#### Directions for this task
Only those lines in the data below from the line containing "VICTORY - Longboard" through the line containing "19th Century Continental", both included, should be restated word for word.

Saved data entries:
++++++++++
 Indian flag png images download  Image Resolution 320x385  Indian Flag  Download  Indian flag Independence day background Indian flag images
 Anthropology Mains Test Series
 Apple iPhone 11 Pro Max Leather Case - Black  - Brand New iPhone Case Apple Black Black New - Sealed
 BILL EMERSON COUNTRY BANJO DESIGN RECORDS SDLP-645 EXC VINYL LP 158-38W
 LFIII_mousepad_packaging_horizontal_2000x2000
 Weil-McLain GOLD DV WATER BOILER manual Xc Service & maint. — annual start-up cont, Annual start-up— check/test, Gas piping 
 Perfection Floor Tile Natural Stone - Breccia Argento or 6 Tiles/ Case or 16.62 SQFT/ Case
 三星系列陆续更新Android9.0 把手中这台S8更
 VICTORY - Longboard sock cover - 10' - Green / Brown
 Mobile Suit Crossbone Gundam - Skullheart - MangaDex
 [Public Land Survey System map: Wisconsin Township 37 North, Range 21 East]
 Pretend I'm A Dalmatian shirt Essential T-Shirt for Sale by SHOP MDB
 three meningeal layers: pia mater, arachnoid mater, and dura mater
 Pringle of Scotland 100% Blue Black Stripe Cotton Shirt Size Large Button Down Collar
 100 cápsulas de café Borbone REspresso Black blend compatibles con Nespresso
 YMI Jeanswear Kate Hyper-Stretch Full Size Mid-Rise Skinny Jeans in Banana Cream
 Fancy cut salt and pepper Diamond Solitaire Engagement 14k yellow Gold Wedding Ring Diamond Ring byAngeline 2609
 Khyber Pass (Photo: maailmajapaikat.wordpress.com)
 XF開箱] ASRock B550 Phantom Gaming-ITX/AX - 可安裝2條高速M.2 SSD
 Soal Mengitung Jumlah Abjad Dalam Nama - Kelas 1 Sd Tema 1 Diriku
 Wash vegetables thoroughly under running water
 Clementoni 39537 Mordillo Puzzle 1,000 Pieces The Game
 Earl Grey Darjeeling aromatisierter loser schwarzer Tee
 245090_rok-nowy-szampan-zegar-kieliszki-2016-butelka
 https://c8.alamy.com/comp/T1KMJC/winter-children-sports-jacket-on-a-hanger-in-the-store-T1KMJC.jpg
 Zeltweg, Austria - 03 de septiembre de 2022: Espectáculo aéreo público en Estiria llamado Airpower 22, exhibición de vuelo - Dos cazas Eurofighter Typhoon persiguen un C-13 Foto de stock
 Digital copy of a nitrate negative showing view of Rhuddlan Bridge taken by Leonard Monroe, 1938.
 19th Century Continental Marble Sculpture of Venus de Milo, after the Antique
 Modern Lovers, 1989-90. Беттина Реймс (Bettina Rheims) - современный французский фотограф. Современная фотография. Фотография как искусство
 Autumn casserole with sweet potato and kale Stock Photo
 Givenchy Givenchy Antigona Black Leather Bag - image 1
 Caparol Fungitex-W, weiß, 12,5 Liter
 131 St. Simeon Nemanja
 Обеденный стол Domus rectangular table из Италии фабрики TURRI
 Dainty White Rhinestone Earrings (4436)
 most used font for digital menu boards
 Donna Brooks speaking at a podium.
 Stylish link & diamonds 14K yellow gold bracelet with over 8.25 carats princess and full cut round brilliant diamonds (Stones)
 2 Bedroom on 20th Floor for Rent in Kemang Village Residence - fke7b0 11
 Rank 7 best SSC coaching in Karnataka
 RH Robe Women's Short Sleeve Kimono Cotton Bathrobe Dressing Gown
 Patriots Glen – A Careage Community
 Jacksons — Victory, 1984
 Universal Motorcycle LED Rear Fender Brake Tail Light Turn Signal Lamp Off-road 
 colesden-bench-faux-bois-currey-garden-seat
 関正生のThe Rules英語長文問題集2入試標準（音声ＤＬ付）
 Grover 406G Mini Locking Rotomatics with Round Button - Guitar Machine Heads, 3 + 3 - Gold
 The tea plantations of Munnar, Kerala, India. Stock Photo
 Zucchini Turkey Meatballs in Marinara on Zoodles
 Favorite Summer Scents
++++++++++
#### Solution to this exercise
 VICTORY - Longboard sock cover - 10' - Green / Brown
 Mobile Suit Crossbone Gundam - Skullheart - MangaDex
 [Public Land Survey System map: Wisconsin Township 37 North, Range 21 East]
 Pretend I'm A Dalmatian shirt Essential T-Shirt for Sale by SHOP MDB
 three meningeal layers: pia mater, arachnoid mater, and dura mater
 Pringle of Scotland 100% Blue Black Stripe Cotton Shirt Size Large Button Down Collar
 100 cápsulas de café Borbone REspresso Black blend compatibles con Nespresso
 YMI Jeanswear Kate Hyper-Stretch Full Size Mid-Rise Skinny Jeans in Banana Cream
 Fancy cut salt and pepper Diamond Solitaire Engagement 14k yellow Gold Wedding Ring Diamond Ring byAngeline 2609
 Khyber Pass (Photo: maailmajapaikat.wordpress.com)
 XF開箱] ASRock B550 Phantom Gaming-ITX/AX - 可安裝2條高速M.2 SSD
 Soal Mengitung Jumlah Abjad Dalam Nama - Kelas 1 Sd Tema 1 Diriku
 Wash vegetables thoroughly under running water
 Clementoni 39537 Mordillo Puzzle 1,000 Pieces The Game
 Earl Grey Darjeeling aromatisierter loser schwarzer Tee
 245090_rok-nowy-szampan-zegar-kieliszki-2016-butelka
 https://c8.alamy.com/comp/T1KMJC/winter-children-sports-jacket-on-a-hanger-in-the-store-T1KMJC.jpg
 Zeltweg, Austria - 03 de septiembre de 2022: Espectáculo aéreo público en Estiria llamado Airpower 22, exhibición de vuelo - Dos cazas Eurofighter Typhoon persiguen un C-13 Foto de stock
 Digital copy of a nitrate negative showing view of Rhuddlan Bridge taken by Leonard Monroe, 1938.
 19th Century Continental Marble Sculpture of Venus de Milo, after the Antique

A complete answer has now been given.